#### Directions
As you reproduce every line below, keep it exactly as written and leave out the images.

#### Collected material
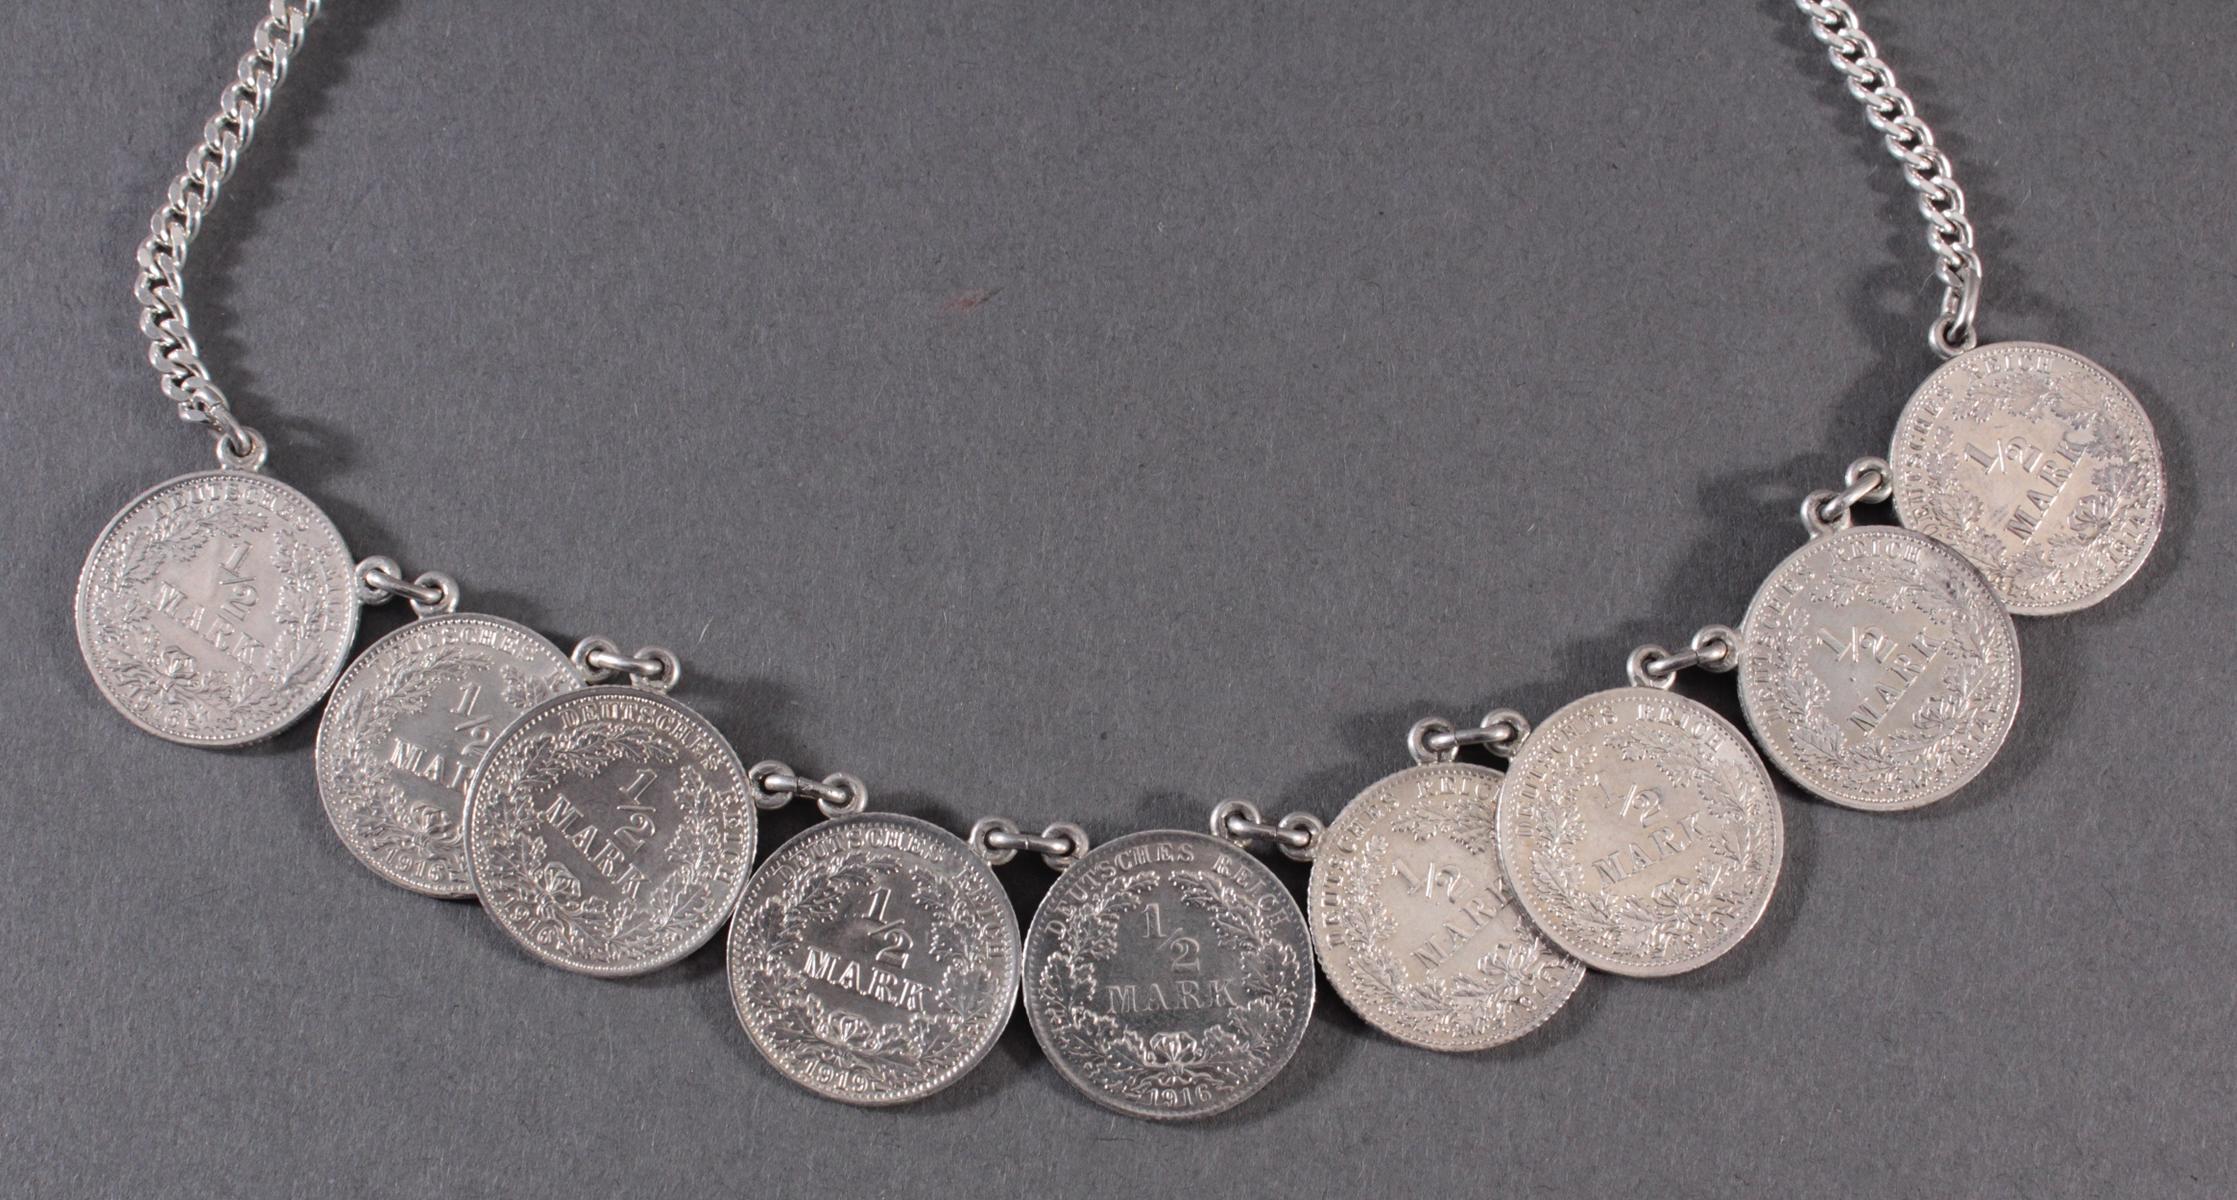 Halskette mit Silbermünzen-3
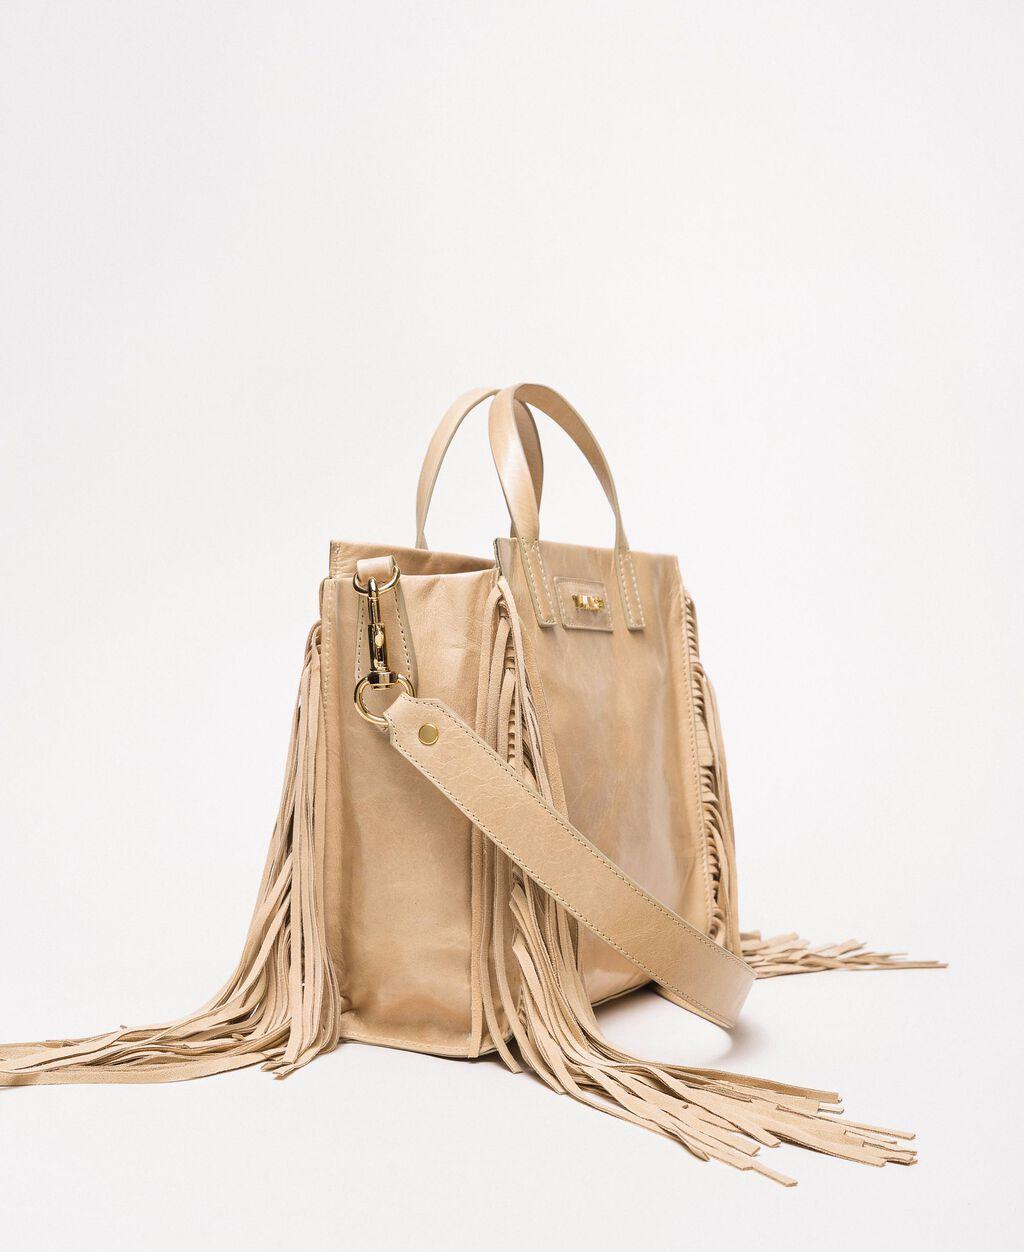 Medium leather shopper with fringes
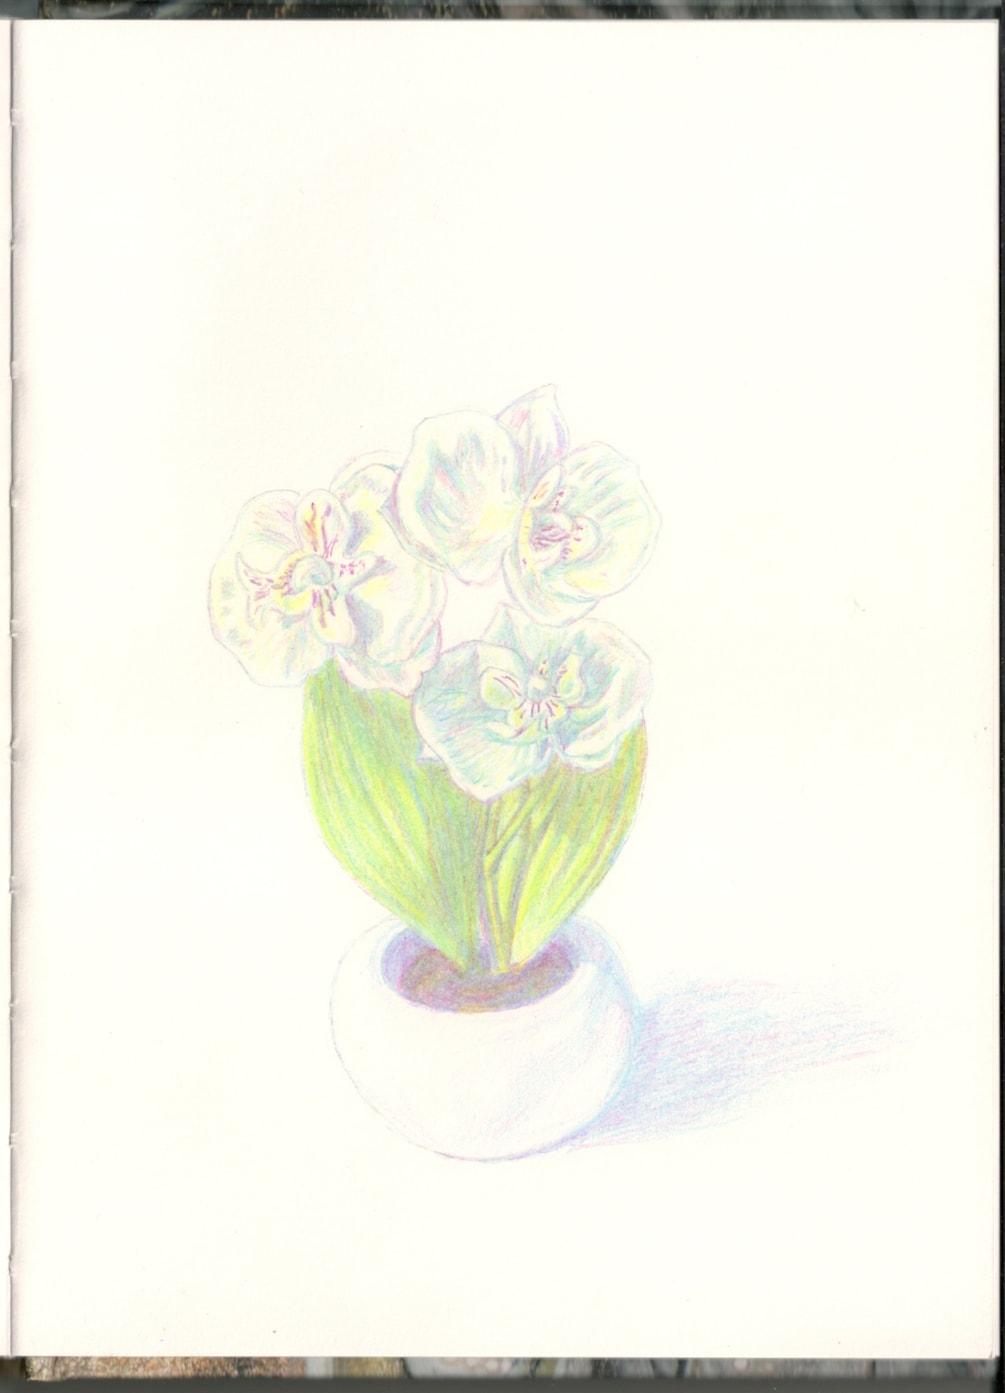 Mini Orchid 2020-08-02
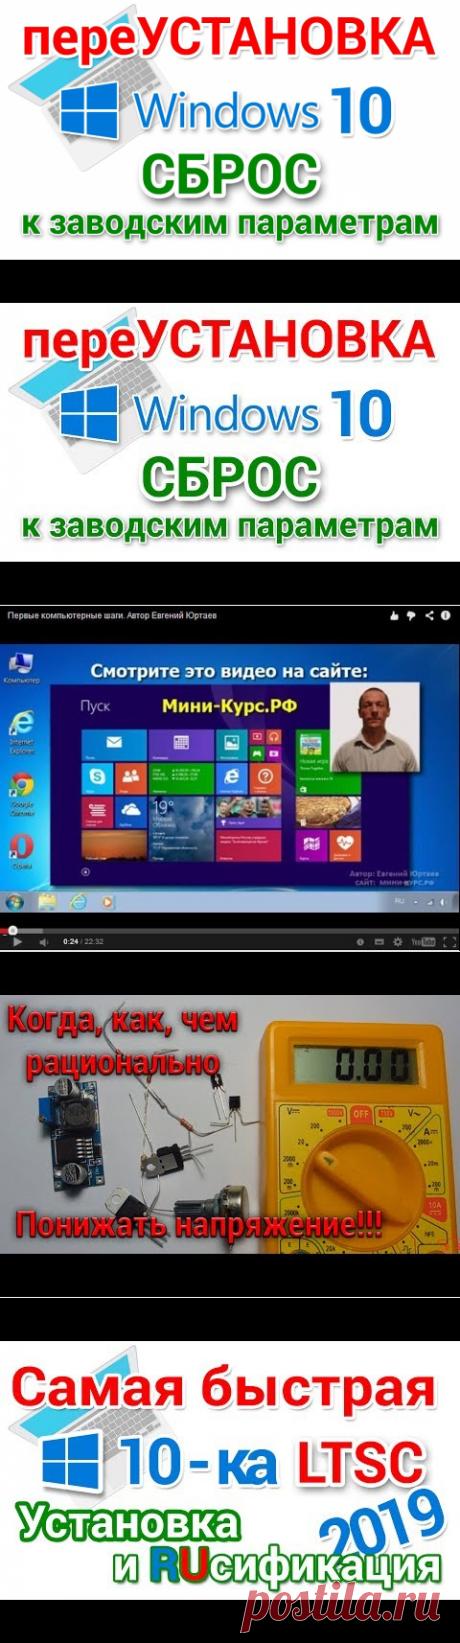 (776) Переустановка Windows 10, без использования загрузочных носителей. Сброс Windows 10 - YouTube

#### Answer space
 Halskette mit Silbermünzen-3
 Medium leather shopper with fringes
 Mini Orchid 2020-08-02
 (776) Переустановка Windows 10, без использования загрузочных носителей. Сброс Windows 10 - YouTube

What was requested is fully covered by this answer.